Yuta:今回一番変わったのが、ギターのチューニングですね。より低いチューニングに変えて作曲をするというのにチャレンジしてます。最近、海外でも日本でもどんどんチューニングが下がっていて、ローな音を出すバンドが増えてきているんですけど、そういうバンドは、一番低い音のフレーズに頼りがちで、単調に聞こえてしまうところがあると思っていて。僕は、要所要所でチューニングを下げた効果を出しつつも、それだけに頼らないメロディやアンサンブルを意識して作っていますね。

Yuto:1stアルバムのときは、テクニカルな曲ばかり作っていたんですけど、今回は、もうちょっとキャッチーというか。ライヴも意識して、実際にステージに立って弾いたときに、"これだったら楽しいだろうな"とか、"聴いている側も気持ちがいいだろうな"ということを意識して、無駄なところを削ぎ落とした感じで作っています。

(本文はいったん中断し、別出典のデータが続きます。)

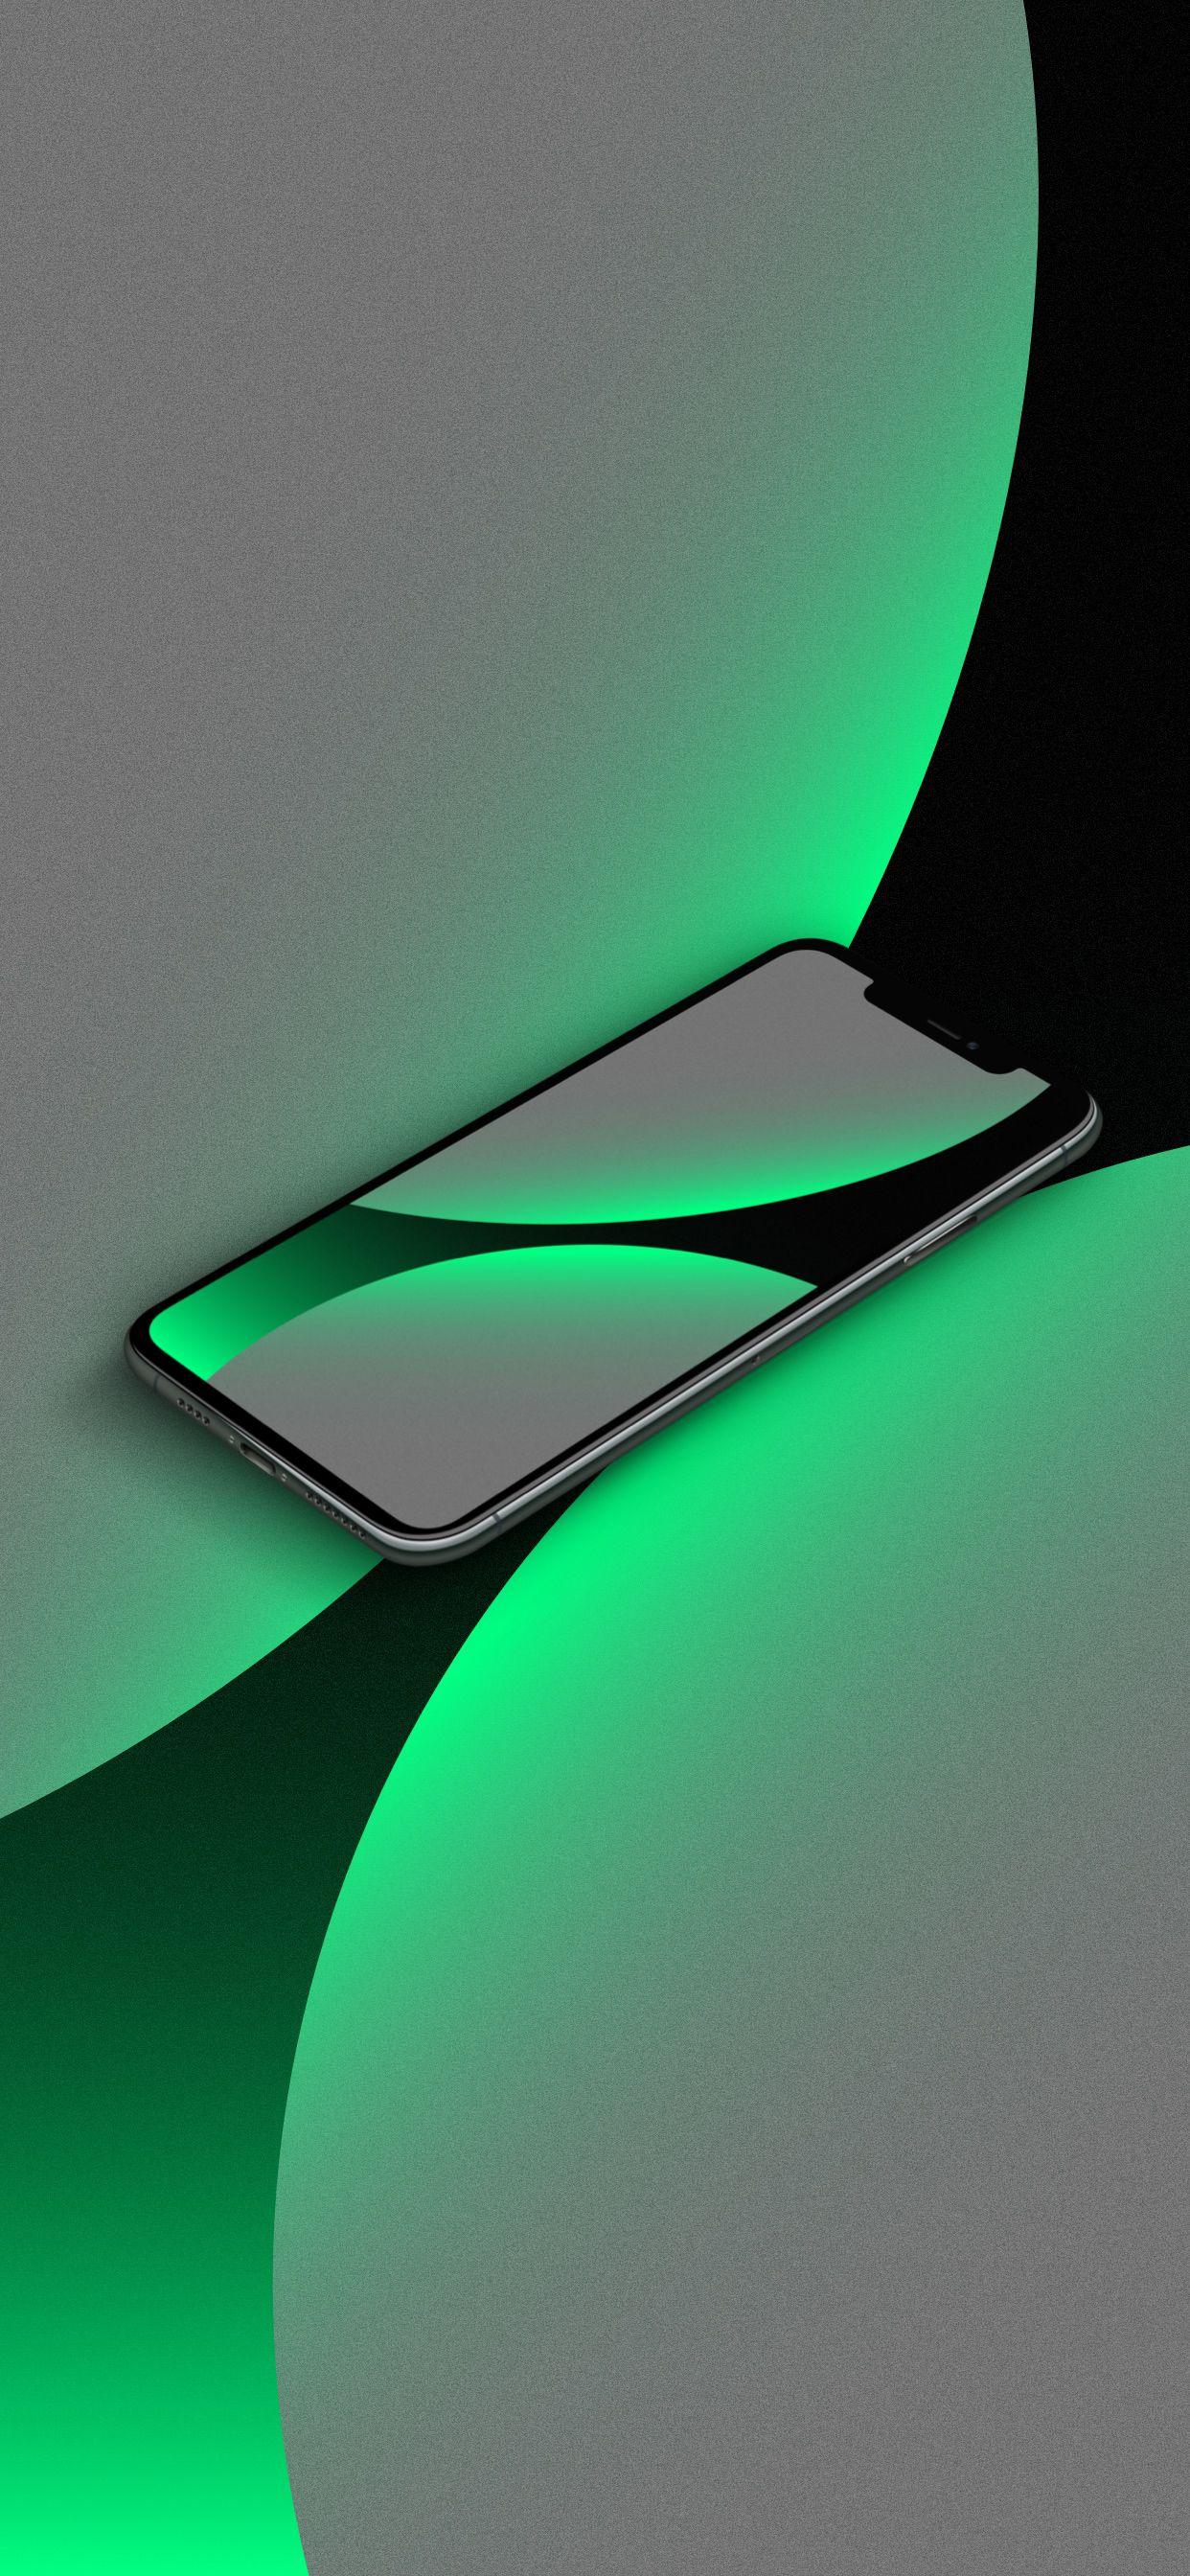 Download Special Wallpapers Pack On Our Website En 2020 Smartphone Ecran Iphone Fond Ecran

-ベースのShugoさんは、キーが低くなっていくと大変さがあるのでは?

Shugo:普通のベーシストの方の場合、例えばチューニング低くなる曲があったらチューニングを変えたり、他のベースを使ったりすると思うんですけど。僕の場合は、現状使っているチューニングが2種類あって、その両方のキーの弦を張っているんです。運指は独特になってしまうんですけど、レギュラー・チューニングの4弦のベースと、プラス低い音が2本っていう、ちょっと変なチューニングになっていて。チューニングを変えたり、楽器を持ち替えたりするのは、弾いていても感覚が変わってしまってストレスにもなるので。なるべくチューニングが変わっても対応できるように、最初からセッティングしているんです。

-そういう考え方もあるんですね。

Shugo:他のバンドのベーシストが僕のベースを持って弾くと、だいたいみんな混乱するんですよ(笑)。ドロップ・チューニングでもないし、レギュラーでもないみたいな。でもそれで慣れてしまったので、僕は他のチューニングでは弾けないかもしれないです。

-独自のものを編み出していますね。

Yui:髪型もね。

Shugo:髪型はいいでしょ! これは生まれつきだもん。

Yui:メタルコア界の葉加瀬太郎です。